There's no need for me to defend Hirsch; he often did so
himself. But such comments suggest a fundamental misunderstanding of how an audio testing
program -- or any published equipment-evaluation program -- works. I have been involved
directly for as long as practically anybody still active in the field, and I think I can
speak with some authority.
First, the ad thing: Julian Hirsch, like many reviewers,
was an outside contractor, and would have no way of knowing who was or was not advertising
in the issue containing a particular review. Products are chosen, tests performed, and
reports written months before the magazines are put together. Even staffers, who could
probably find out who's running ads if they tried, usually don't -- in most publishing
companies there's a huge gulf between the advertising and editorial people, and often they
don't even speak. I've encountered companies where they're not allowed to speak to
each other.
Obviously, if the product comes from a big company that
always advertises, the reviewer would be aware of that. And it is true that occasional
advertisers, when they learn a test is going to appear, tend to want to support it by
running an ad, but this is something the reviewer knows nothing about.

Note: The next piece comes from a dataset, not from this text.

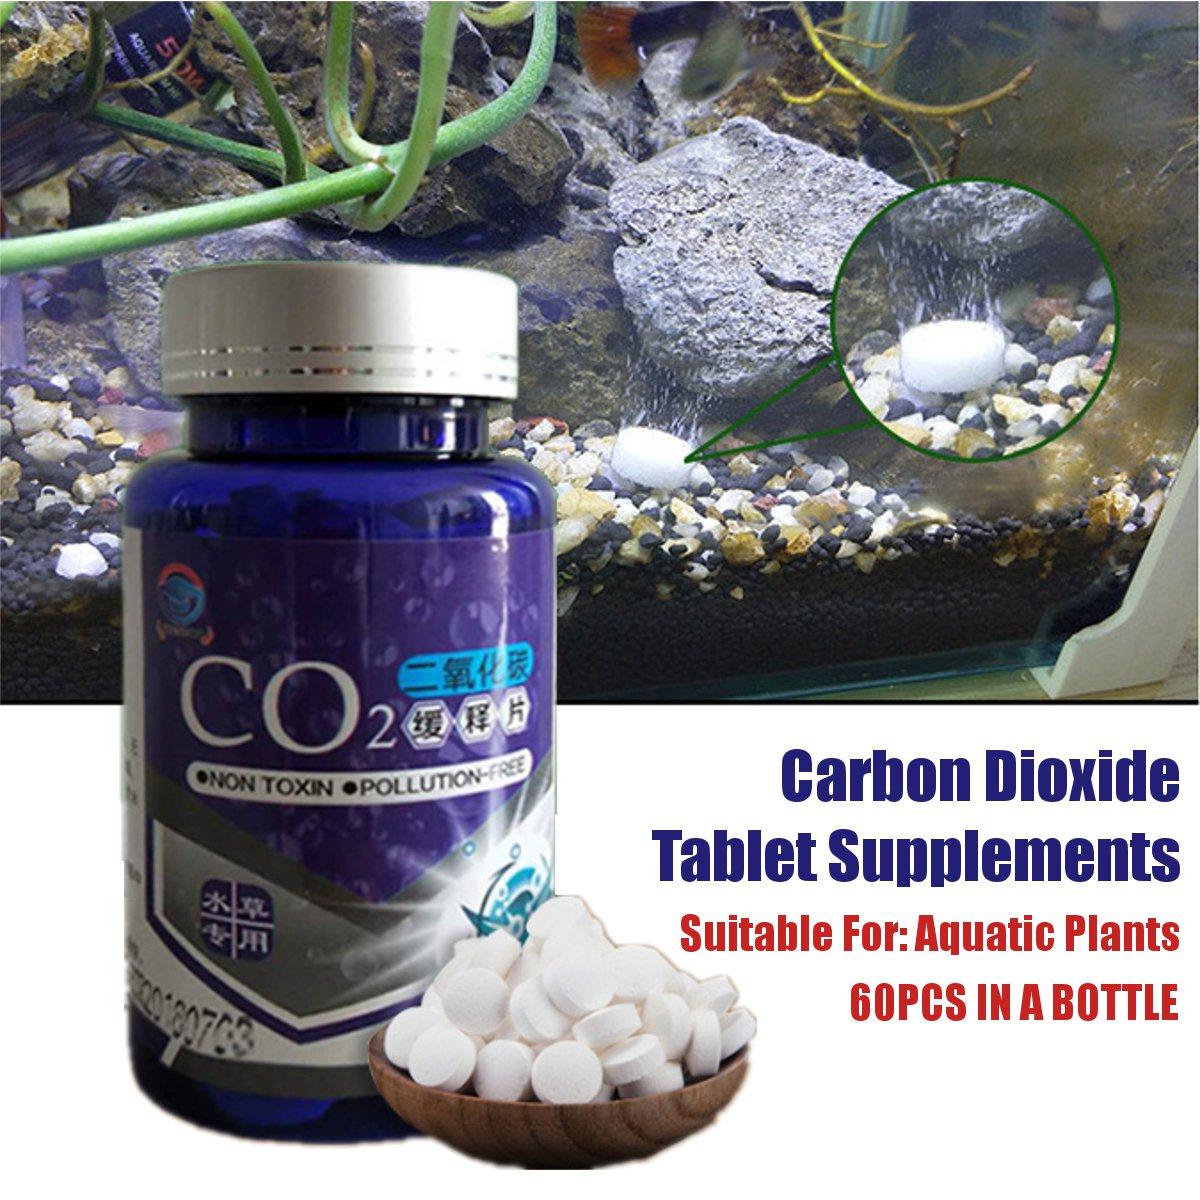 60pcs CO2 Tablet Water Grass Aquarium Plants Aquatic Leaf Float Grass CO2 Carbon Dioxide Slice Diffuser Producer For Fish Tank

Often, however, such companies wait until the review is
published. Mainstream magazines almost never let them see the review before it appears,
and I assume that was true of Stereo Review in Hirsch's day. Its now-defunct sister
publication, Audio, used to send manufacturers copies of the factual part of a
review -- features, specs, prices and so forth -- for verification, but never the
evaluation portion of the article.
When I was editing reviews, the only time we let the maker
see the results was if they were so poor we suspected that the unit was actually
defective. On one or two occasions, with new companies, we held a review until the product
could be reworked, on the theory that we weren't there to destroy a fledgling outfit by
publishing an embarrassing review. On one notable occasion, the company said that that was
the way the product was supposed to sound, so we printed the review. It was a real
stinker.
But it is true that relatively few bad reviews make it into
print in the mainstream audio magazines. Some of the reason is the choice of what will be
tested; no one sets out to spend the money on measuring a component expected to be bad
(tests are expensive, for one thing), so the whole process is weighted toward things that
are expected to perform well.
If they don't, there are several possible responses. One
editor said to me, "we're basically in the business of recommending products to our
readers, so why would we waste paper and ink on something we know they won't like?"
There's also a sort of "multiplier effect" when
it comes to negative comments, even within an otherwise good review. A slight criticism is
likely to carry something like a thousand times more weight than any sort of praise. A
rave review can easily become a pan with a single cavil, and manufacturers have very long
memories for such things. As a result, editors watch the phrasing of negatives very
closely, with the result that the language in which they are eventually phrased can be
very wimpy.
Critics of this sort of reviewing prefer a "damn the
torpedoes" rashness, and it can make good reading. And the occasional critical review
does add something to an evaluation program's credibility, but in the real world,
reviewing is fraught with traps.
Julian Hirsch trod a very fine line, and he set a very high
standard in audio reviewing. My guess is that the vitriol that was aimed at him by a
segment of the audio community meant that he was doing things right.